A table showing string values and representations from malware analysis, including directory status messages and date formats.

Gotcha! We see it now, a mix of API calls to both google auth and google calendar APIs, a website called “https://api.ipify.org” (which I later find just returns the IP of the victim machine) and details being pulled about the local date and time of the machine as well. Hence we confirm that the malware is a calendar-aware application that integrates with the Google Calendar API. String values reveal support for locale-sensitive date and time formatting using Windows APIs like “GetDateFormatEx” and “GetLocaleInfoEx”, along with standard error handling for filesystem operations such as missing directories, busy files, and memory issues. It is also displaying typical calendar UI elements, including days of the week and months, and formats timestamps, suggesting event logging or scheduling functionality.

Further, the presence of URLs like googleapis.com, ipify.org, and headers such as “Authorization: Bearer” and “Content-Type: application/json” indicate that the malware performs authenticated network communication, likely to sync calendar events or retrieve data.

Eventually, playing around, we even find the date within the calendar, where the event is located, which the malware is trying to reach; 2023-07-30 a.k.a 30th July 2023.

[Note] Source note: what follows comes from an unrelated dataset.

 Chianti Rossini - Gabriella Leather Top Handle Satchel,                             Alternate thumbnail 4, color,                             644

Screenshot displaying defined strings from a malware analysis tool, highlighting a Google Calendar API event string used for malware communication.

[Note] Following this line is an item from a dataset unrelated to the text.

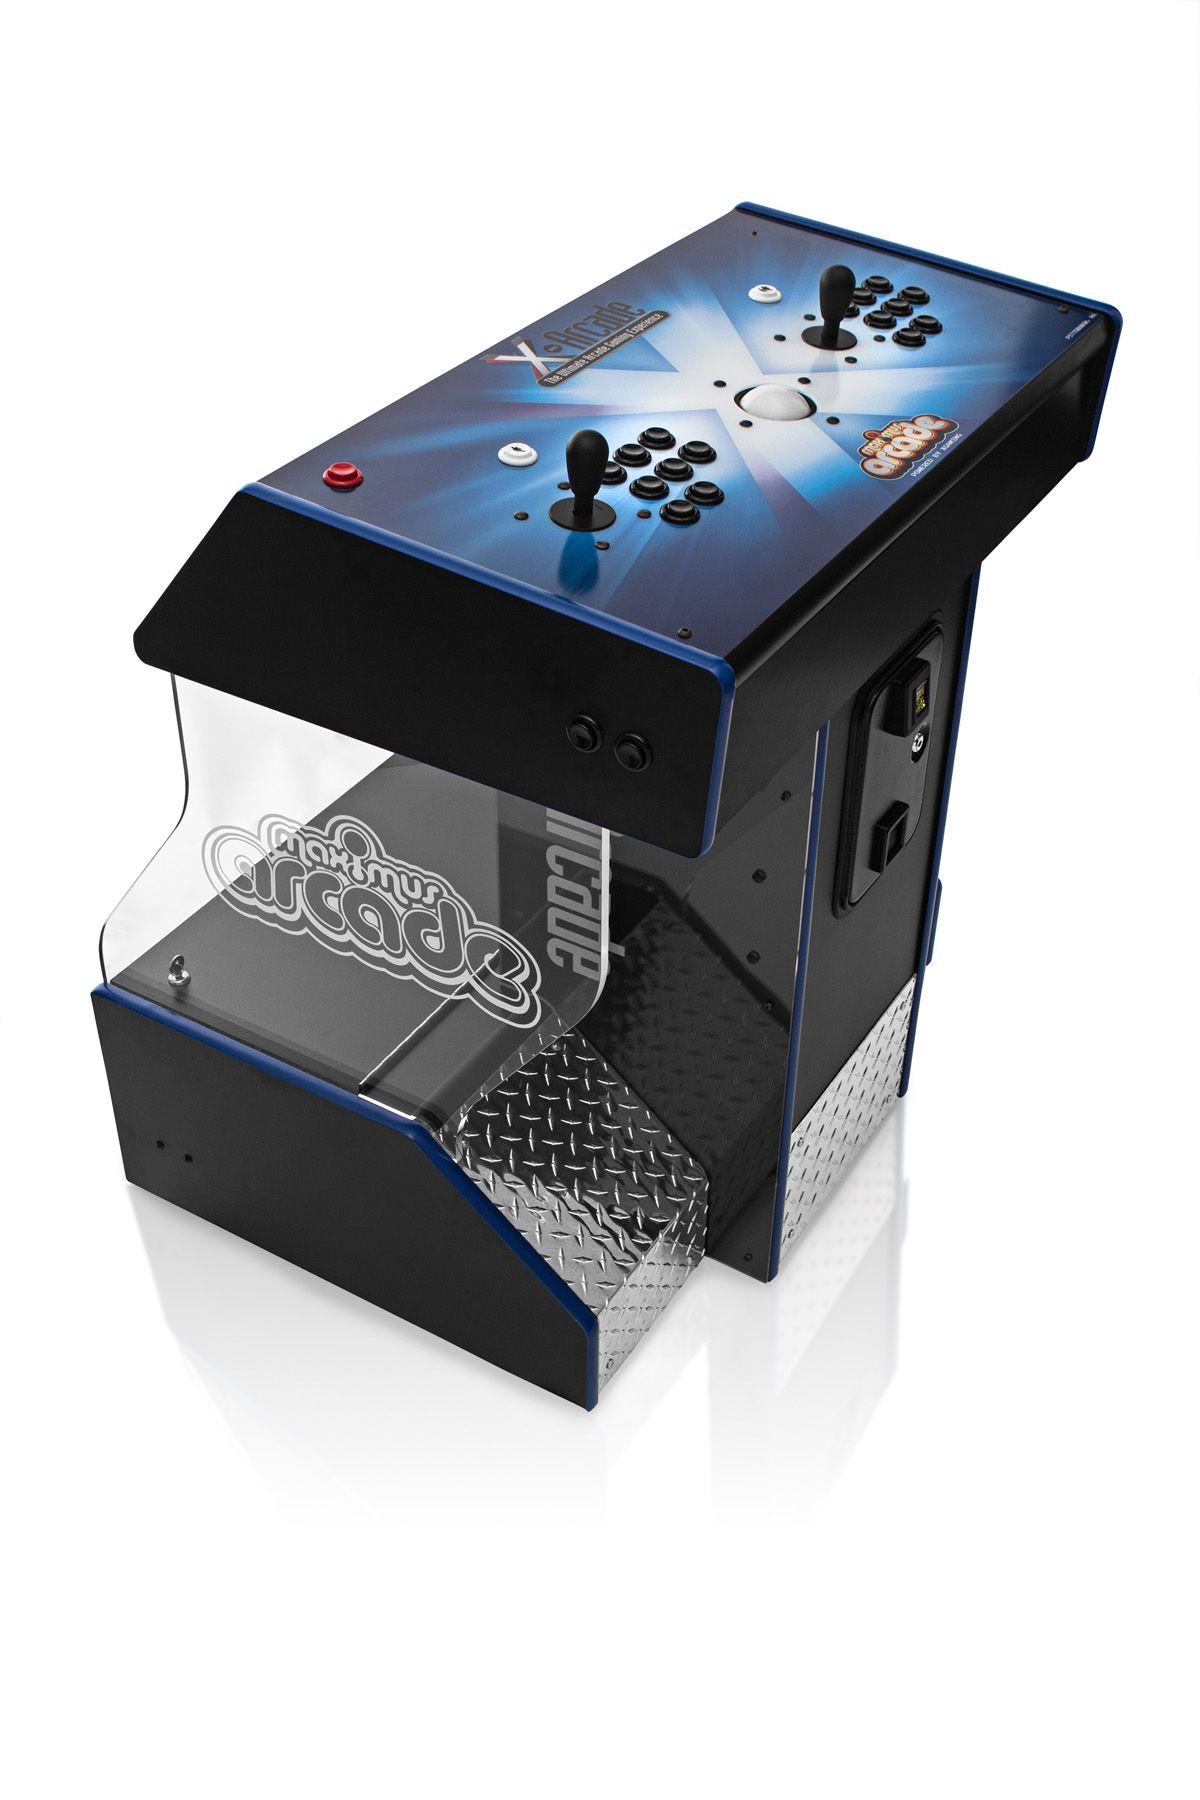 4 Player Arcade Cabinet Kit Simple Lightweight Custom Arcade Cabinet The Blondicade Via

This date is important because on further analysis we find out that the malware is trying to receive commands or pull information from an event in the google calendar that is placed on this date. I was eventually able to find the date of the data exfiltration as well, 30th May 2023 (2023-05-30); the date to which encrypted information was being sent by the malware. This formed the perfect tool for the malware, talking to the C2 server, hiding its communication behind legitimate looking http calls.

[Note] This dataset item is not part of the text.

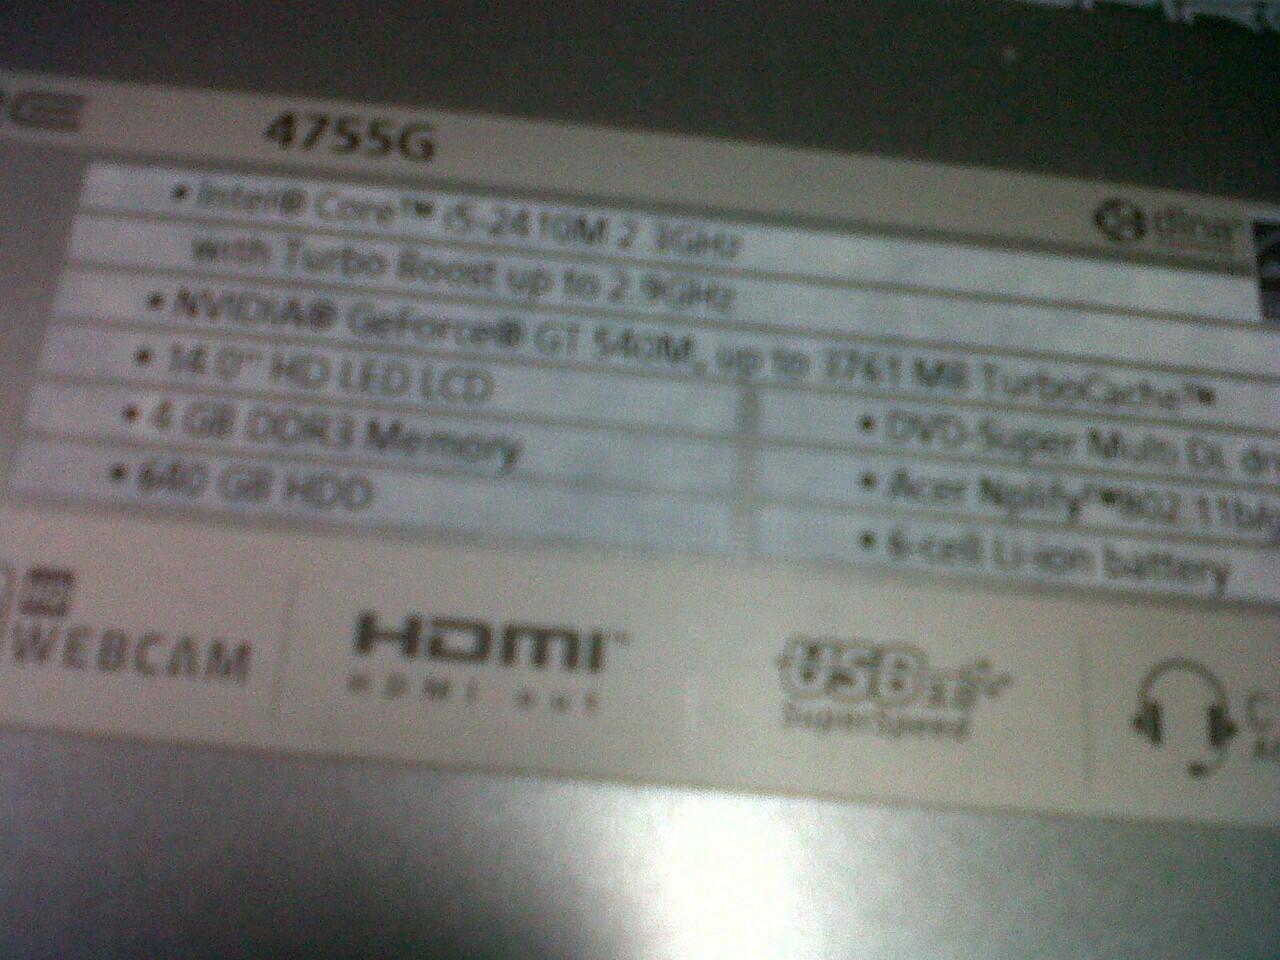 ACER 4755G GAMING COREI5

I tried to study the disassembled code further in-depth taking these strings as my guide, however I kept running into some issues with understanding the control flow; the function calls alone weren’t making sense. That’s when I decided to visit the Mandiant (now Google) post on APT41 and realized where I had missed the mark; the malware was using multiple obfuscation techniques to hide the Control Flow. In the words of the Mandiant, “Adding the two values together overflows the 64-bit address space and the result is the address of the function to be called.” “Clever”, I thought, a little learning lesson for me to not overlook overflows even in the modern age at any level while debugging. At this point I decided to read the rest of the Mandiant article which talked in detail about the encryption technique used by the malware. Given that I found this a little challenging, I decided to stop my analysis for the time being and focus on the next steps; I could try to dynamically emulate the malware in remnux, but decided against it as I would require the remaining files as well, which I did not currently have available.

Takeaways

After spending considerable time dissecting TOUGHPROGRESS, a few things were confirmed for me. This wasn’t just a kiddie script, this was APT41’s display of capability. Choosing to opt out of using public exploits and creating a new additional vector with the use of Cloud services as C2 channels was a threat yet to be explored, by both researchers and malicious actors. The malware itself is very stealthy and maintains its level of sophistication even in evasion. Lastly, control flow obfuscation is not going anywhere soon; it is just one of the many techniques being used by attackers to make it harder to analyze malware by just using the tools readily available to them.

Functioning of the Malware

TOUGHPROGRESS operates as a late-stage payload in a multi-phase attack, beginning with a phishing email in Mandarin. Once the malware lands on a machine, it starts by profiling the environment; pulling adapter information, getting locale data, and generally checking where it has landed. It does this using standard Windows DLLs like IPHLPAPI.dll and KERNEL32.dll.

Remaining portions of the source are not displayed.